Radioactive nuclei from cosmochronology to habitability

TL;DR

This paper reviews the origin and evolution of short-lived radioactive nuclei in the galaxy, their role in solar system formation, and implications for planetary habitability, integrating meteoritic data with stellar nucleosynthesis models.

Contribution

It provides a comprehensive synthesis of recent meteoritic data, stellar production processes, and galactic evolution models to understand the role of SLRs in solar system and planetary habitability.

Findings

Meteoritic data constrains the timing of nucleosynthetic events before solar system formation.

Stellar models explain the production of SLRs in different astrophysical sites.

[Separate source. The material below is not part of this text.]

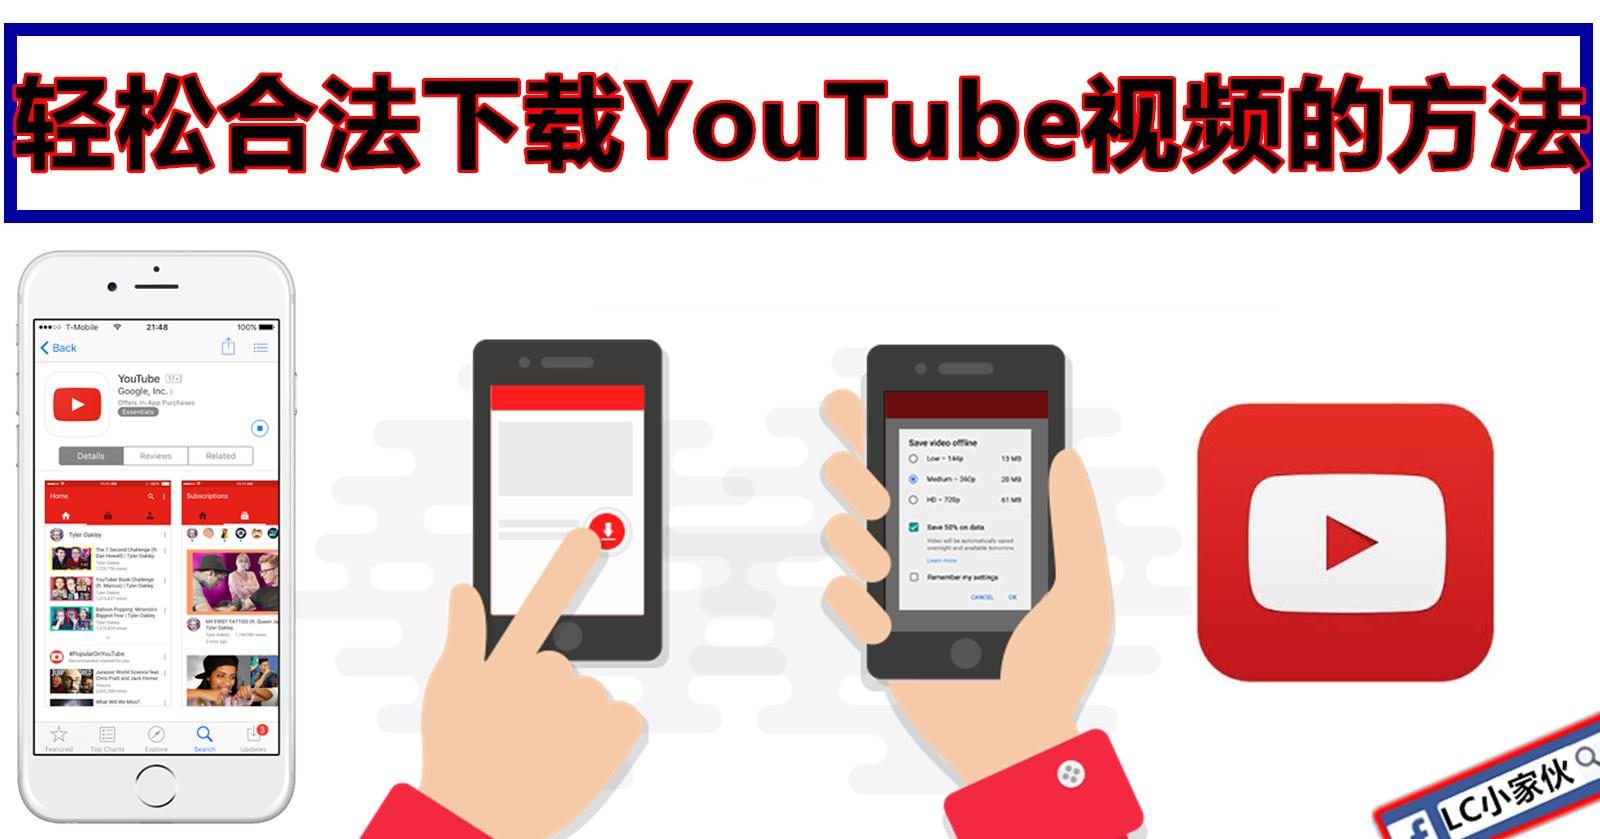 使用手機下載Youtube視頻的方法 | LC 小傢伙綜合網

Radioactive decay heat influenced planetesimal evolution and habitability.

Abstract

In addition to long-lived radioactive nuclei like U and Th isotopes, which have been used to measure the age of the Galaxy, also radioactive nuclei with half-lives between 0.1 and 100 million years (short-lived radionuclides, SLRs) were present in the early Solar System (ESS), as indicated by high-precision meteoritic analysis. We review the most recent meteoritic data and describe the nuclear reaction processes responsible for the creation of SLRs in different types of stars and supernovae. We show how the evolution of radionuclide abundances in the Milky Way Galaxy can be calculated based on their stellar production. By comparing predictions for the evolution of galactic abundances to the meteoritic data we can build up a time line for the nucleosynthetic events that predated the birth of the Sun, and investigate the lifetime of the stellar nursery where the Sun was born. We then review the scenarios for the circumstances and the environment of the birth of the Sun within such a stellar nursery that have been invoked to explain the abundances in the ESS of the SLRs with the shortest lives - of the order of million years or less. Finally, we describe how the heat generated by radioactive decay and in particular by the abundant 26Al in the ESS had important consequences for the thermo-mechanical and chemical evolution of planetesimals, and discuss possible implications on the habitability of terrestrial-like planets. We conclude with a set of open questions and future directions related to our understanding of the nucleosynthetic processes responsible for the production of SLRs in stars, their evolution in the Galaxy, the birth of the Sun, and the connection with the habitability of extra-solar planets.